Pas de tendresse entre eux, rien d'amicale. Peut-être un semblant de respect, qui volerait en éclat sitôt leur petit jeu devenu ennuyeux. Mais ils ne cherchaient rien d'autres, après tout. Le tueur avait bien vite réalisé qu'Amélie aimait jouer avec le feu, les limites qu'on lui fixait, et qu'elle ne rêvait que de dépasser. Il lui plaisait, allez savoir pourquoi, son pseudo maquillage, le fait qu'il était plus âgé, une chose ou une autre. Il s'en moquait, au fond. Tout ce que l'adolescent blessé recherchait, bien loin de l'amour ou du réconfort, c'était de quoi se distraire, chasser de son esprit le sourire de Liu, le souvenir de son sang sur ses vêtements, son couteau. Et, de par son incroyable délicatesse, la soirée qu'il passerait seul, sans Jack. Enfin, il l'avait cherché, après tout.

« -Ton tee-shirt est là. » Lâcha la joueuse, récupérant la boule de tissu, avant de la lui jeter dessus.

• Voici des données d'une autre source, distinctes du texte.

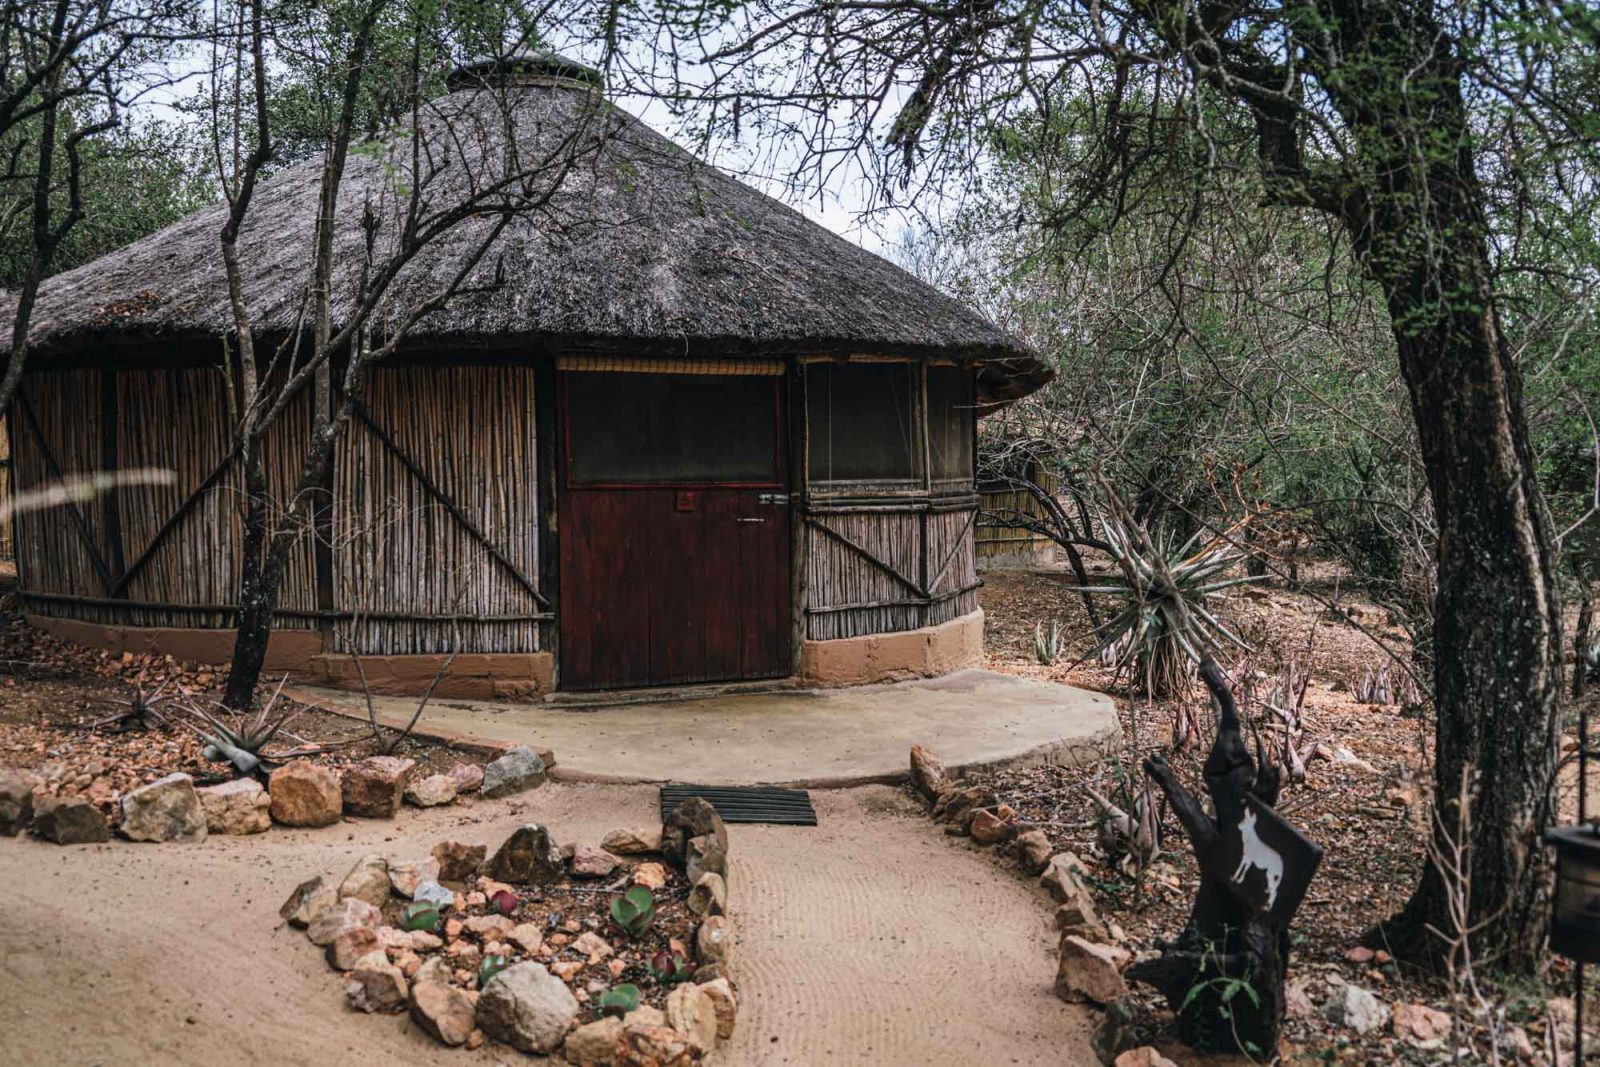 The huts at Umlani Bush Camp, safari lodges in South Africa

Elle rattacha ensuite les agrafes de son soutien-gorge d'un geste bref, et il se remémora la première fois qu'il l'avait défait. Amélie se moquait de lui, et de sa maladresse. Elle, en revanche, lui parut bien plus expérimentée dans le domaine, à en juger par son agilité, et la facilité avec laquelle elle l'avait débarrassé de son sweet, son pantalon, et tout le reste, avant qu'il n'ait eu le temps de s'en rendre compte. Là, pour oublier son frère, il l'avait oublié. Mais leurs après-midis passés dans cette chambre, sur ce lit, c'était trop brutales, insensées, presque mécaniques, par moment. Ils savaient faire, alors ils faisaient, et c'était terminé. Lui, il ne désirait rien au monde plus que de fuir, elle, elle voulait jouer. Parfois, elle le trouvait absent, mais jamais l'assassin n'accepta de répondre à ses questions.

« -Tu repasses, demain ?

-Ouais. Même heure.

-D'accord. »

Des mots, de simples mots, des formalités, pour ne pas se quitter sans rien dire. Mais ni l'un, ni l'autre n'avaient envie de faire la conversation. Le brun soupira, réalisant comme chaque soir l'absurdité de cette situation. Puis il sorti, fila dehors, et cette fois, ce fut le froid de la rue qui lui mordit la peau, malgré ses épais vêtements. Il rentra chez lui, s'enferma dans la chambre, sorti son couteau, s'amusa à tailler ce qu'il lui passait par la tête sur la table, tourna en rond, songea à tuer, hésita, pensa au clown, et à ses propos, finalement, se laissa tomber sur le lit. La vie était affreusement ennuyeuse, et douloureuse, aussi, lorsqu'il était livré à lui-même, qu'il ne pouvait plus fuir.

Jack lui manquerait, ce soir. Beaucoup.